GOP Candidates Being Schooled on How to Avoid Gaffes When Running Against Women

The Republic Party has figured out it has a gender problem. Brilliant. In their zeal to avoid another Todd Akin fiasco—they are taking a small step towards rebranding themselves so as not to come off as waging a war on women.

Politico has reported that The National Republican Congressional Committee has been meeting with met with sitting Republicans' aids to train them on how to improve their “messaging against women opponents.” Todd Akin famously lost his battle to unseat Senator Claire McCaskill when he claimed women's bodies could shut down a pregnancy in instances of "legitimate rape." 

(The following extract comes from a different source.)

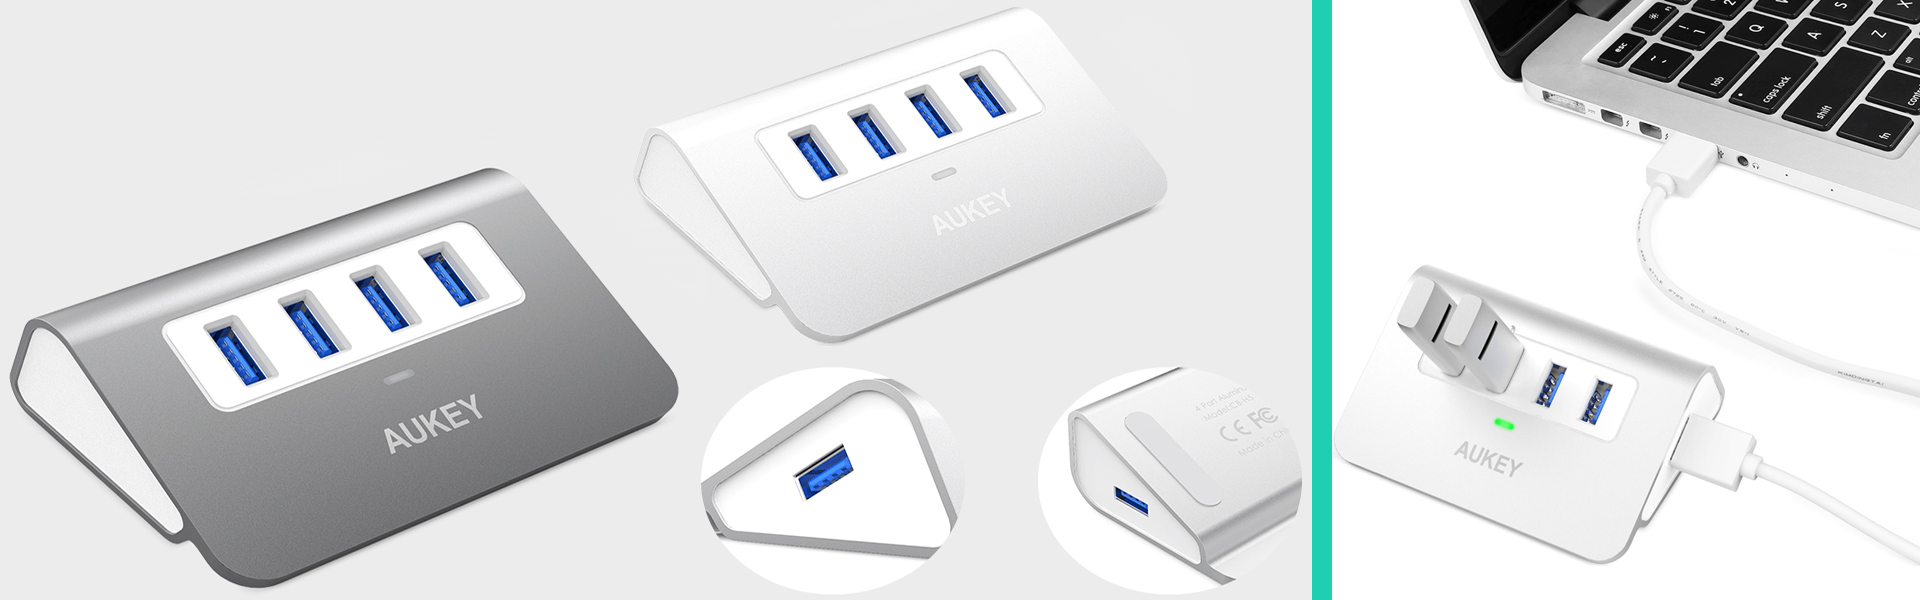 USB 3.0 Hubs

Now, the GOP is focusing on how best to turn the party into a slightly more female-friendly group, considering that women are about half the electorate. Aides have been lectured largely on how to go after a female challenger in a way that is simultaneously aggressive, tactful, and not overwhlemingly sexist. This is hard for them.

According to Politico, 10 male GOP incumbents in the House will face Democratic women challengers in the 2014 midterm elections. And acording to an unnamed Republican staffer, there have been “multiple sessions” with the GOP members because “some of these guys have a lot to learn.” The sessions have come largely from a GOP desire to rebrand the party after both a string of losses in 2012, as well as a general sense that the party is falling behind on the times. 

With high-profile fights set to take place in states like New York, Florida, Virginia and Illinois, the right is sure to feel a supreme pushback, making these behind-the-scenes lessons in manners both hilariously antiquated and potentially necessary.

It seems the Democrats are ready for them. “Our essential strategy is to recruit problem solvers,” Steve Israel, chairman of the Democratic Congressional Campaign Committee told Politico, "and with this Republican Congress having been so destructive to the concerns women have, we are putting special emphasis on recruiting women who will end those problems.”

With roughly 50 competitive races in the House currently at play for 2014, the new Republican messaging strategy may prove to be relatively obsolete, proving Rep. Ann Wagner’s reminder that women "decide a lot of things” powerfully true.